Быть повешенной и утонуть – между этим должна быть, наверное, какая-то связь.
«Лучше, куда уж лучше утонуть», – сквозь сон думалось Селии.
Милая бабуля (писала Селия на следующий день)! Спасибо тебе большое за книжку «Розовая фея». Ты очень добра. Золотко здоров и шлет тебе привет. Передай, пожалуйста, привет Сэре, Мэри, Кэйт и бедняжке мисс Беннет. В моем садике распустился исландский мак. Вчера на конюшне повесился садовник. Папа лежит в постели, но мама говорит, что ему просто нездоровится. Раунси скоро даст мне лепить витые и круглые булочки.
Очень и очень и очень люблю тебя и целую.
Селия.
Отец Селии умер, когда ей было десять лет. Умер в доме своей матери, в Уимблдоне. Несколько месяцев пролежал он в постели, и за ним ухаживали две сестры из больницы. Селия привыкла к тому, что папа болен. А мама все время говорила, что они будут делать, когда папочка поправится.
То, что папочка может умереть, никогда не приходило Селии в голову. Она как раз поднималась по лестнице, когда открылась дверь комнаты, где лежал папочка, и оттуда вышла мама. Мама, какой она никогда не видела…

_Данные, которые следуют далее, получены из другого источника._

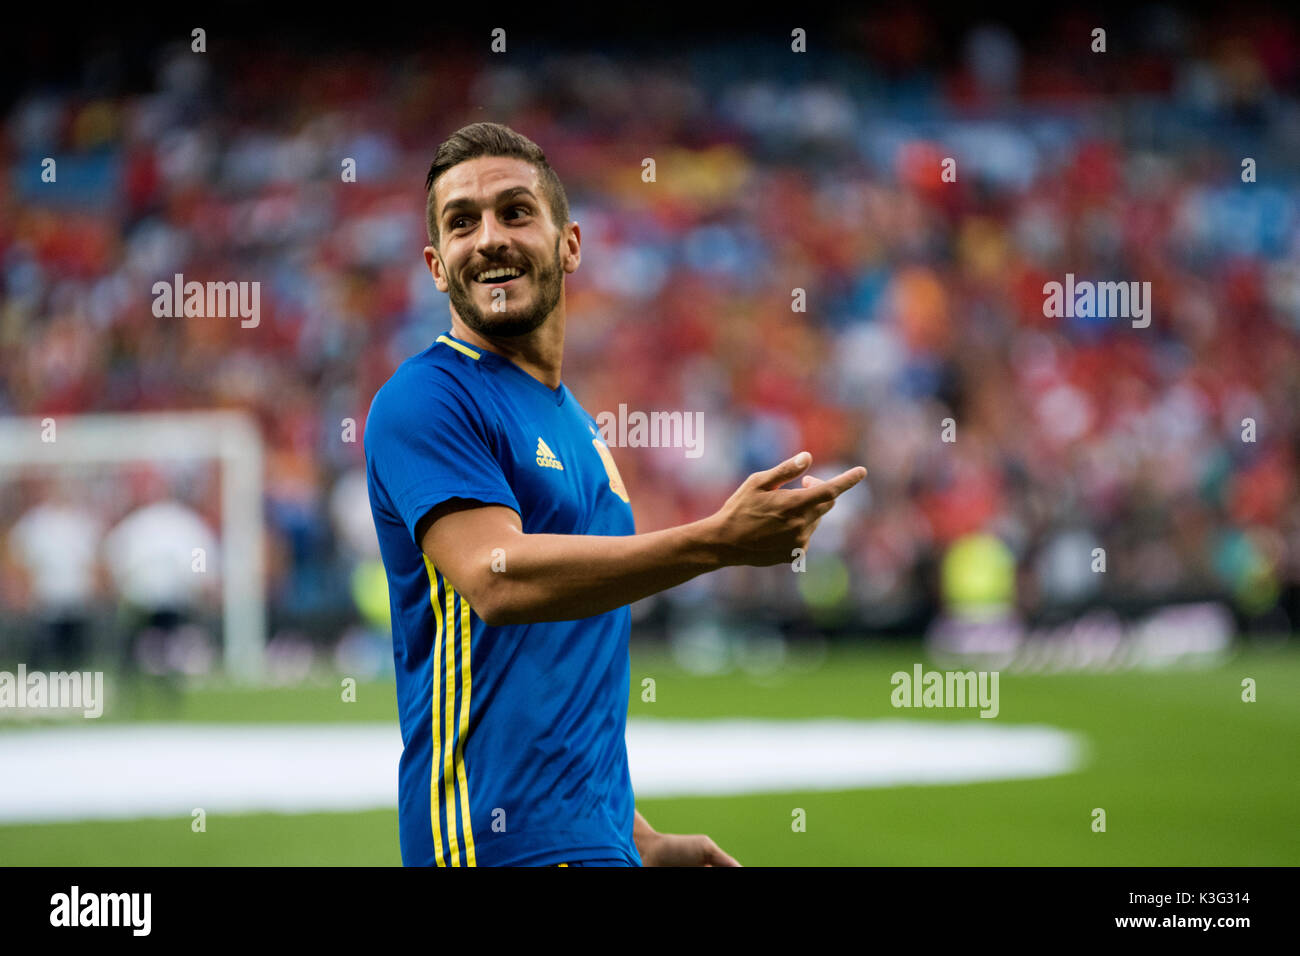 Madrid, Spain. 2nd September, 2017. Pedro Rodriguez (Forward, Spain) during the football match of FIFA World Cup 2018 Qualifying Round between Spain and Italy at Santiago Bernanbeu Stadium on September 2, 2017 in Madrid, Spain. ©David Gato/Alamy Live News Stock Photo

Долго еще потом она сравнивала ту маму с листком, который гонит ветер. Она стенала, воздев к небу руки, потом рывком распахнула дверь в свою комнату и скрылась там. Следом на лестницу, где с открытым ртом, вытаращив глаза, застыла Селия, вышла сестра.
– Что это с мамой?
– Тише, милая, твой отец… твой отец взошел на небеса.
– Папочка? Папочка умер и отправился на небо?
– Да, теперь ты должна быть хорошей девочкой. Помни, тебе надо быть матери утешением.
Сестра скрылась в комнате Мириам.
Онемев, Селия побрела в сад. Прошло немало времени, пока она не поняла все, что сказала ей сестра. Папочка. Папочки больше нет – мертв.
Мир ее в одно мгновение рухнул.
Папочка… а всё казалось таким же, как обычно. Она поежилась. Это как если бы Стрелец – все вроде бы в порядке, и вдруг является он… Она оглядела сад, ясень, тропинки – все, как и раньше, и, однако же, какое-то другое. Всё может измениться – всякое случиться может.
Папочка теперь на небесах? Он счастлив?
О, папочка…
Селия заплакала.
Она вошла в дом. Бабушка была там – сидела в столовой, жалюзи были спущены. Бабушка писала письма. Иногда по щеке у нее скатывалась слеза, и она прикладывала носовой платок.
– Моя бедная малышка пришла? – сказала она, увидев Селию. – Ну, ну, не надо, милая, не надо себя терзать, на всё воля Божья.
– Почему жалюзи спущены? – спросила Селия.
Ей не нравилось, когда жалюзи были спущены – дом от этого становился темным и странным, как бы совсем другим.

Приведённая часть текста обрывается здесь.